The various papers on methodology which Weber published between 1903 and 1917 have had a strong and continuing influence despite the fact that they were largely directed to the writings of others and their arguments cannot fully be grasped except by readers already familiar with the history of the disputes among German philosophers and social scientists to which they refer. The subjects under dispute, however, have remained of central concern to philosophers and social scientists, and Weber's contribution to them anticipates to a remarkable degree the preoccupations of subsequent writers in Britain and the United States. These preoccupations have centred on the three topics of causality, meaning and values on which those who have asserted that there is a fundamental difference of kind between the natural and the social sciences have rested their arguments. The relation between the three is itself a matter of controversy and those who have made this assertion have done so on a number of different and sometimes incompatible grounds.
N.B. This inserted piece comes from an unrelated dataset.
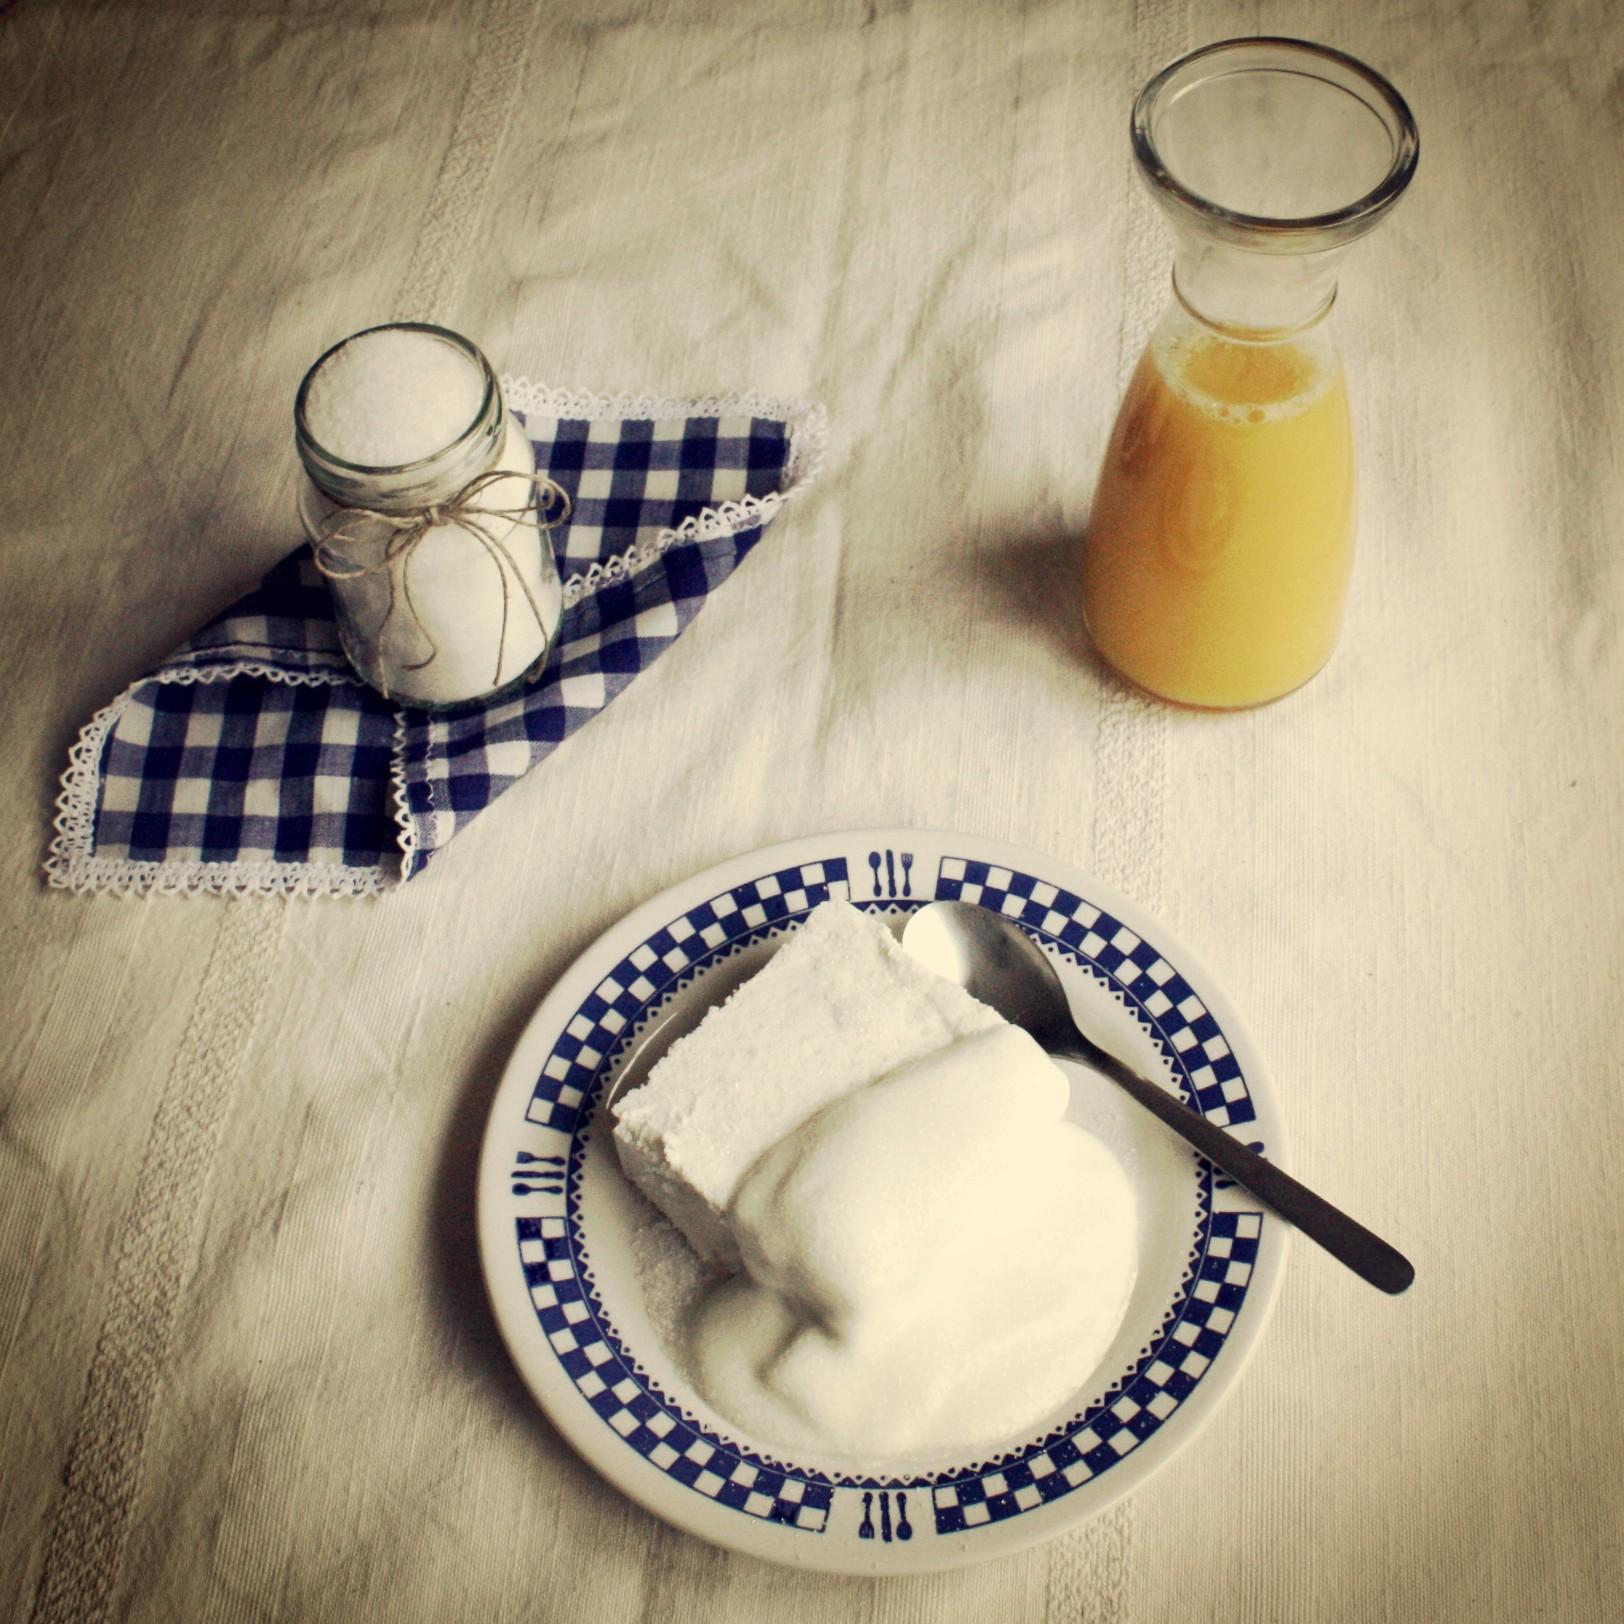 Twarożek ze śmietaną i cukrem

But they have tended to maintain, first, that human actions cannot be explained in terms of law-like relations of cause and effect; secondly, that to grasp the meaning which human actions have to those performing them requires a different method from any known to, or required by, practitioners of natural science; and thirdly, that the social scientist's moral, political and/or aesthetic values necessarily enter into his conclusions in a way that those of the natural scientist do not.